Key Experimental Results¶
Main Results¶
| Method | Model | MMLU-P | ARC-C | ARC-E | OBQA | CommQA | SWAG | HellaS | CoLA | RTE | Avg |
|---|---|---|---|---|---|---|---|---|---|---|---|
| MoLA(8888) | Llama-3B | 40.3 | 71.6 | 83.5 | 81.0 | 79.8 | 83.6 | 87.5 | 85.8 | 90.6 | 78.2 |
| MoLA(2468) | Llama-3B | 42.3 | 71.9 | 83.9 | 83.6 | 80.0 | 84.0 | 87.3 | 86.0 | 89.5 | 78.7 |
| ReMoLE | Llama-3B | 48.0 | 75.3 | 89.3 | 83.4 | 79.5 | 90.5 | 93.4 | 84.0 | 89.5 | 81.4 |
| LD-MoLE | Llama-3B | 49.6 | 74.6 | 89.5 | 83.8 | 80.3 | 90.8 | 93.6 | 85.5 | 91.0 | 82.0 |
| LD-MoLE | Llama-8B | 56.0 | 83.7 | 91.6 | 88.0 | 83.0 | 92.3 | 95.5 | 85.3 | 91.3 | 85.2 |
Ablation Study¶
| Configuration | Avg Score | Description |
|---|---|---|
| LD-MoLE (β=0) | 82.0 | No sparsity loss, full performance |
| LD-MoLE (β>0, k≤4) | ~81.5 | Reduced active experts, slight performance drop |
| MoLA(2468) vs MoLA(8888) | 78.7→78.2 | Inter-layer allocation is more critical in fixed routing |
| ReMoLE (Unstable) | CoLA drop | ReLU routing can assign zero experts |
Key Findings¶
- Dynamic routing generally outperforms fixed routing on instruction tuning tasks, while the difference is smaller for classification tasks.

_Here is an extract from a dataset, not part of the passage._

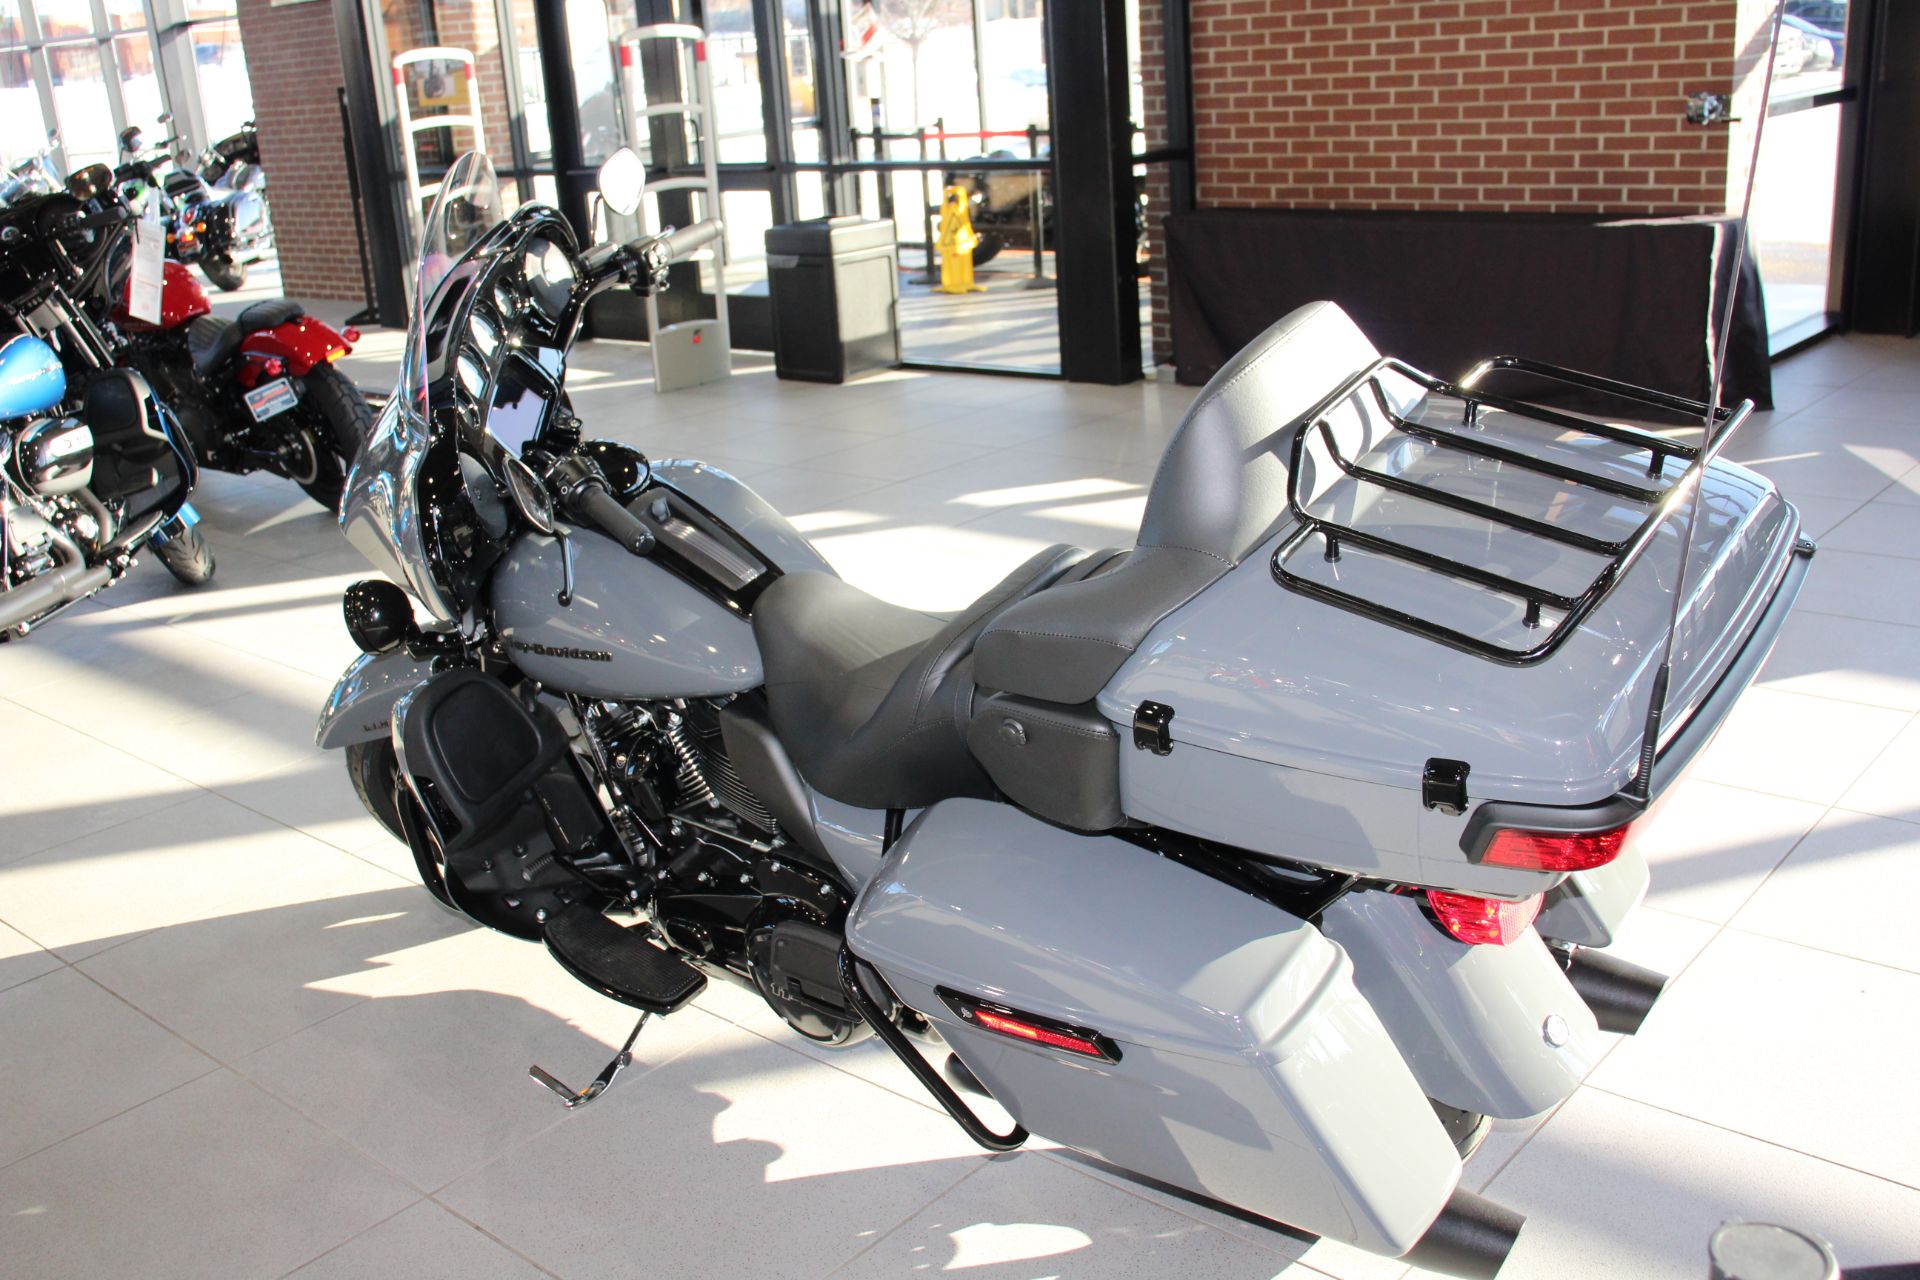 2022 Harley-Davidson Ultra Limited in Flint, Michigan - Photo 11

- LD-MoLE guarantees at least one expert per token (Lemma 1), avoiding the instability of ReMoLE.
- Sparsity loss effectively reduces the number of active experts without significantly impacting performance.

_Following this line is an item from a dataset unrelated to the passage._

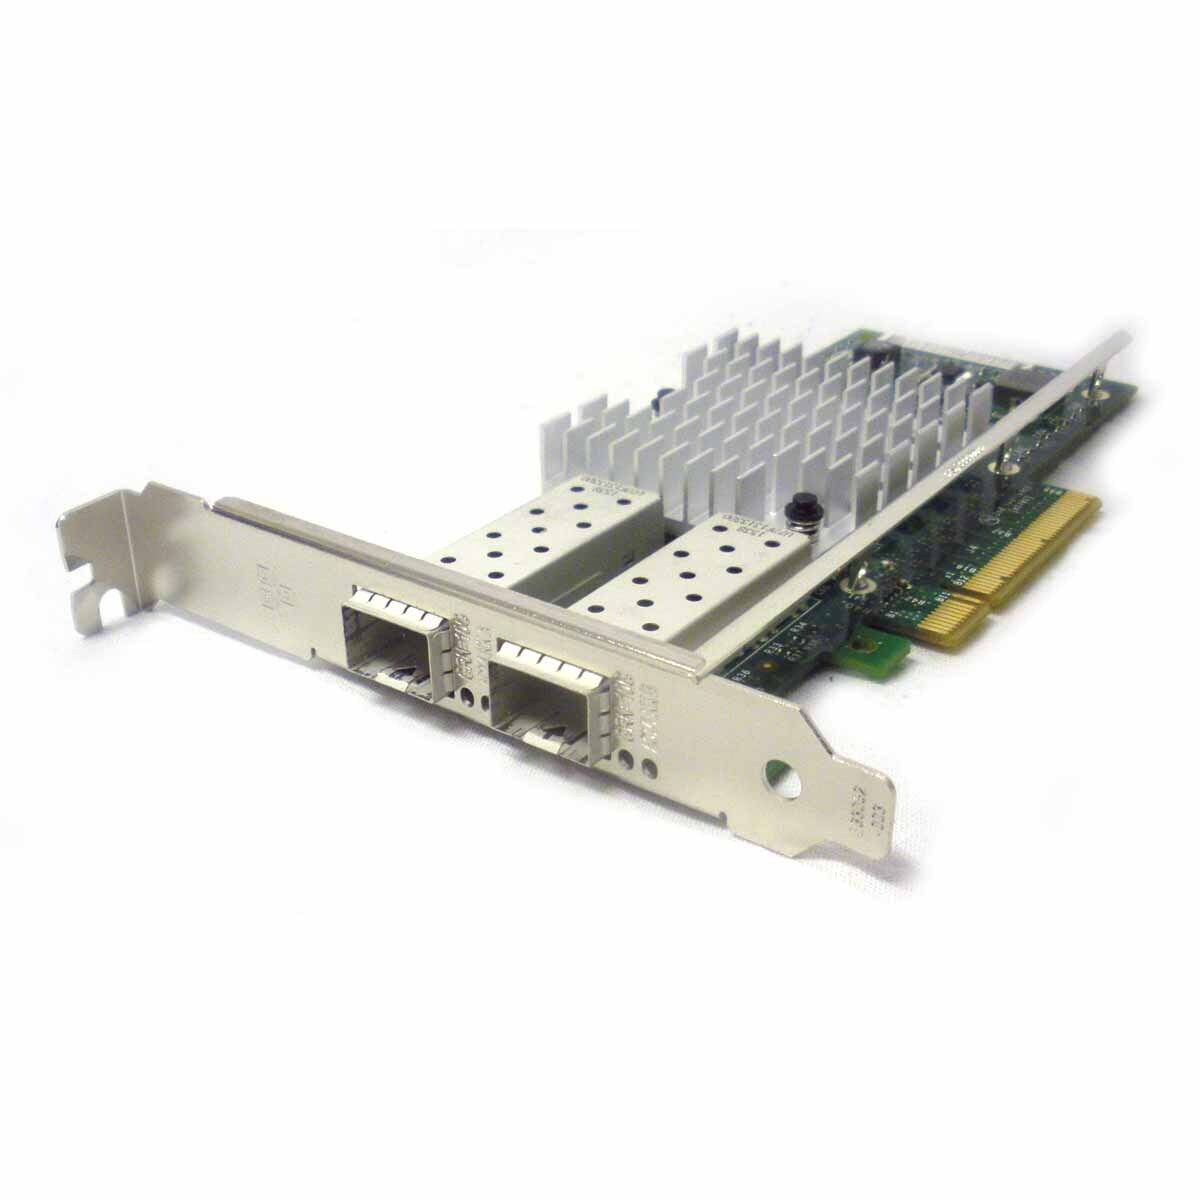 Cisco 74-6814-01 Intel X520-DA2 10GB 2-Port Server Adapter

- MoLA(2468) outperformed MoLA(8888), indicating that many experts are wasted under fixed routing.
Highlights & Insights¶
- The application of Sparsegen in MoE routing is a key innovation, balancing differentiability and sparsity.
- The shared MLP design for predicting \(\lambda\) is simple and efficient with minimal parameter overhead.

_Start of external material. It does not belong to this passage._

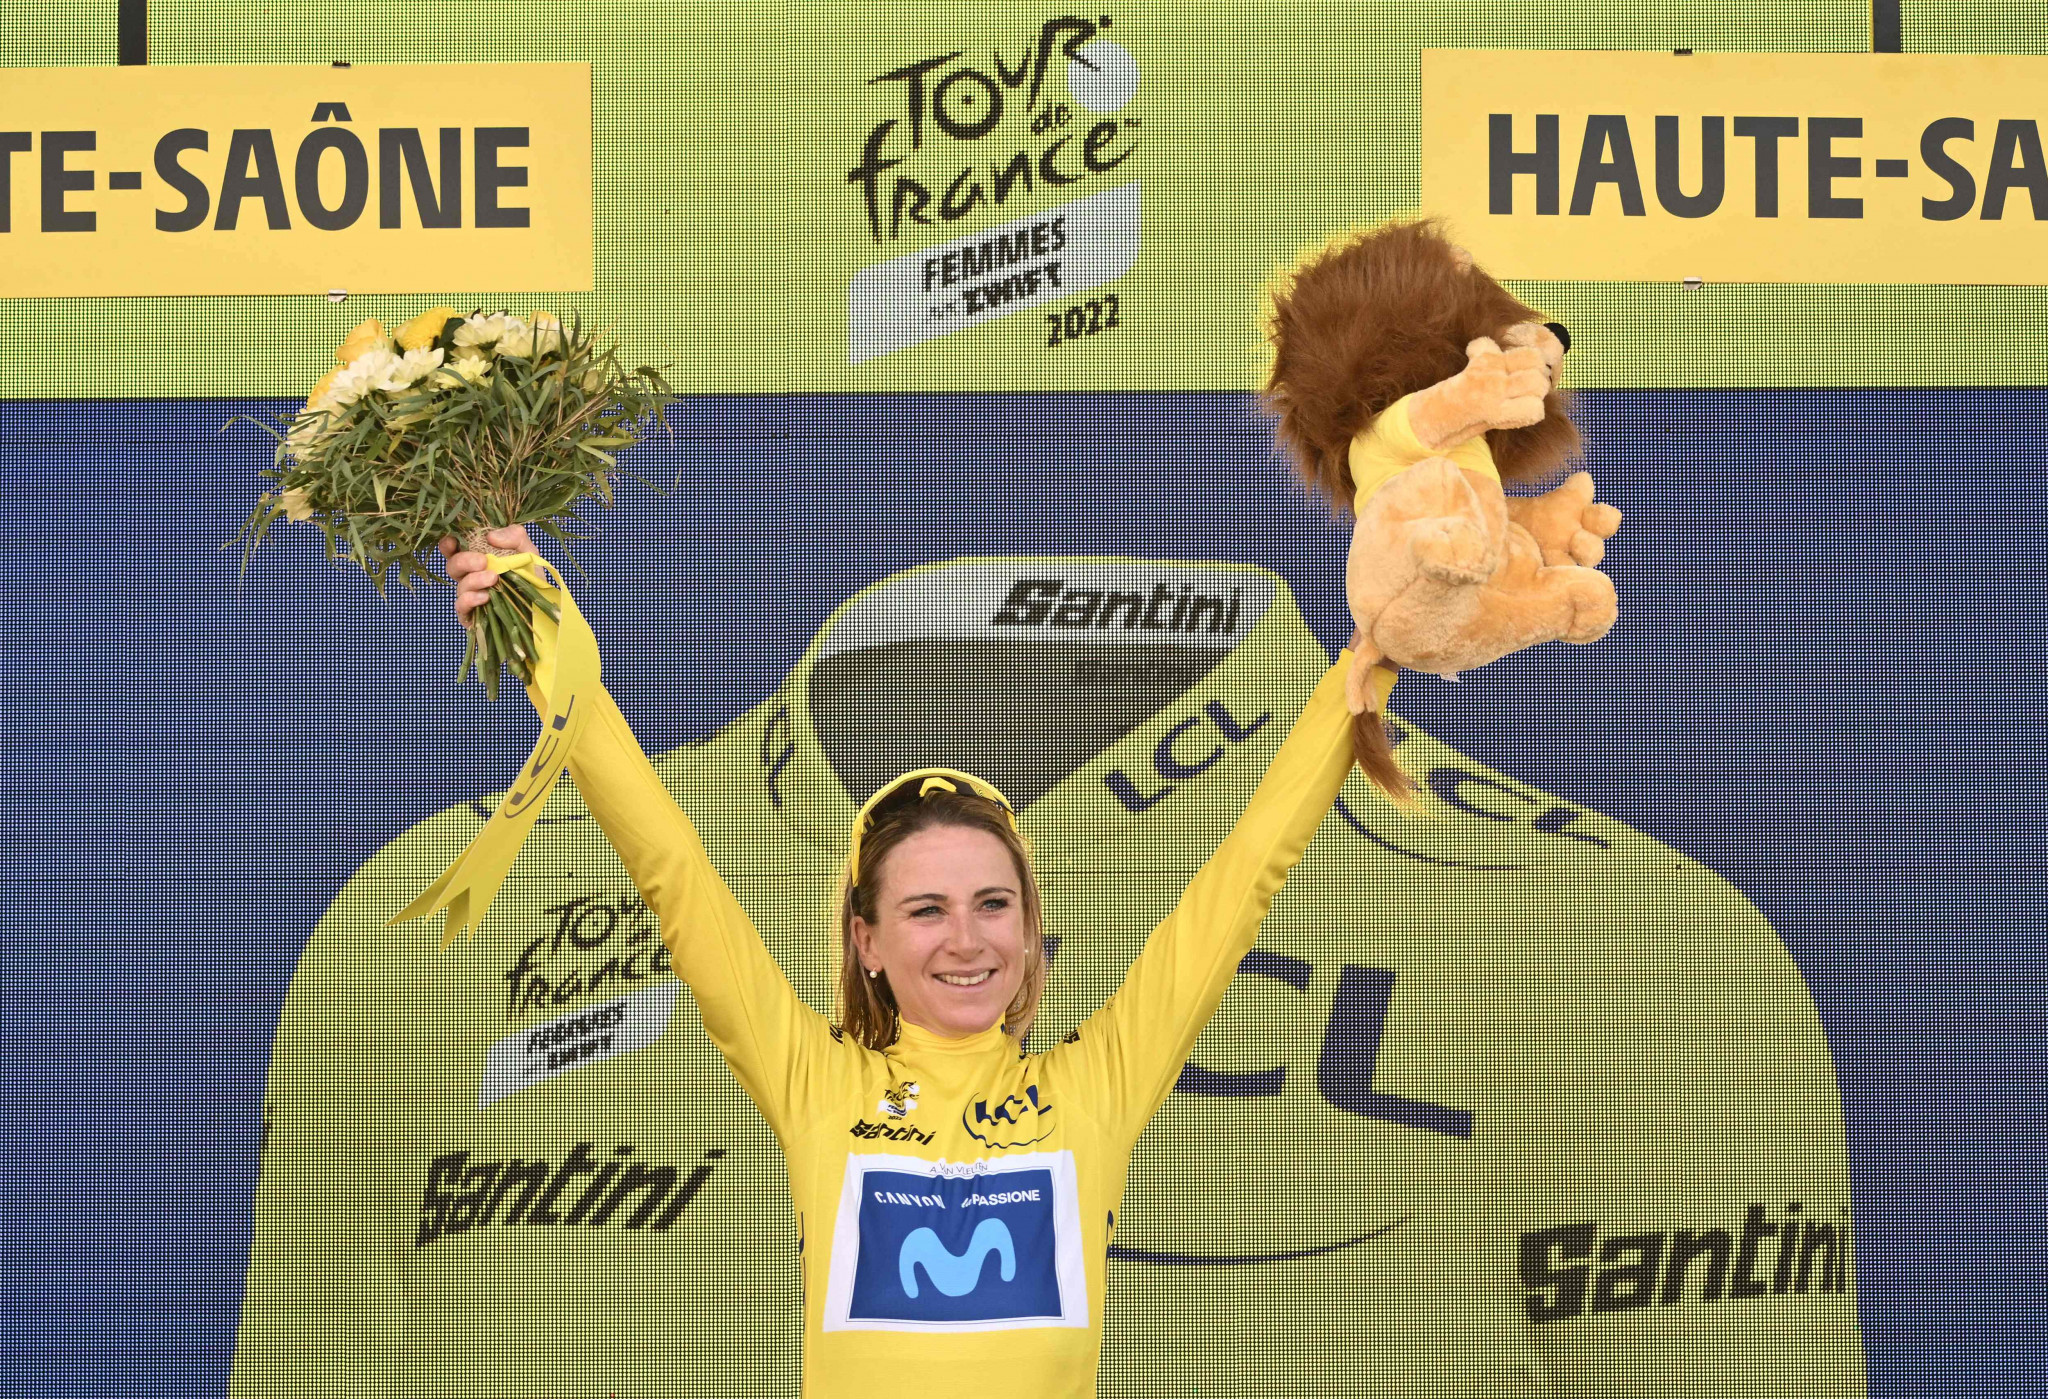 Dutch rider Annemiek van Vleuten won the final two stages to claim Tour de France Femmes victory ©Getty Images

- The analytic sparsity loss is derived directly from mathematical properties, avoiding heuristics.
Limitations & Future Work¶
- Main experiments were only validated on 3B and 1.7B scale models; larger models have not been tested.
- Training cost (4×H200, 10 epochs) remains relatively high for a PEFT method.
- Specific inference latency for routing calculations (sorting + MLP) was not reported.
Related Work & Insights¶
- vs MoLA (TopK): LD-MoLE adapts \(k\), avoiding hyperparameter tuning.
- vs ReMoE (ReLU): LD-MoLE is more stable by guaranteeing at least one assigned expert.
- vs Soft MoE: LD-MoLE is sparse, offering higher computational efficiency.
Rating¶
- Novelty: ⭐⭐⭐⭐ Application of Sparsegen routing in MoLE is novel with solid theoretical analysis.
- Experimental Thoroughness: ⭐⭐⭐⭐ Evaluated on multiple models and tasks, though lacking inference efficiency comparisons.
- Writing Quality: ⭐⭐⭐⭐ Clear mathematical derivations, despite many symbols.
- Value: ⭐⭐⭐⭐ Provides a superior mathematical framework for MoE routing.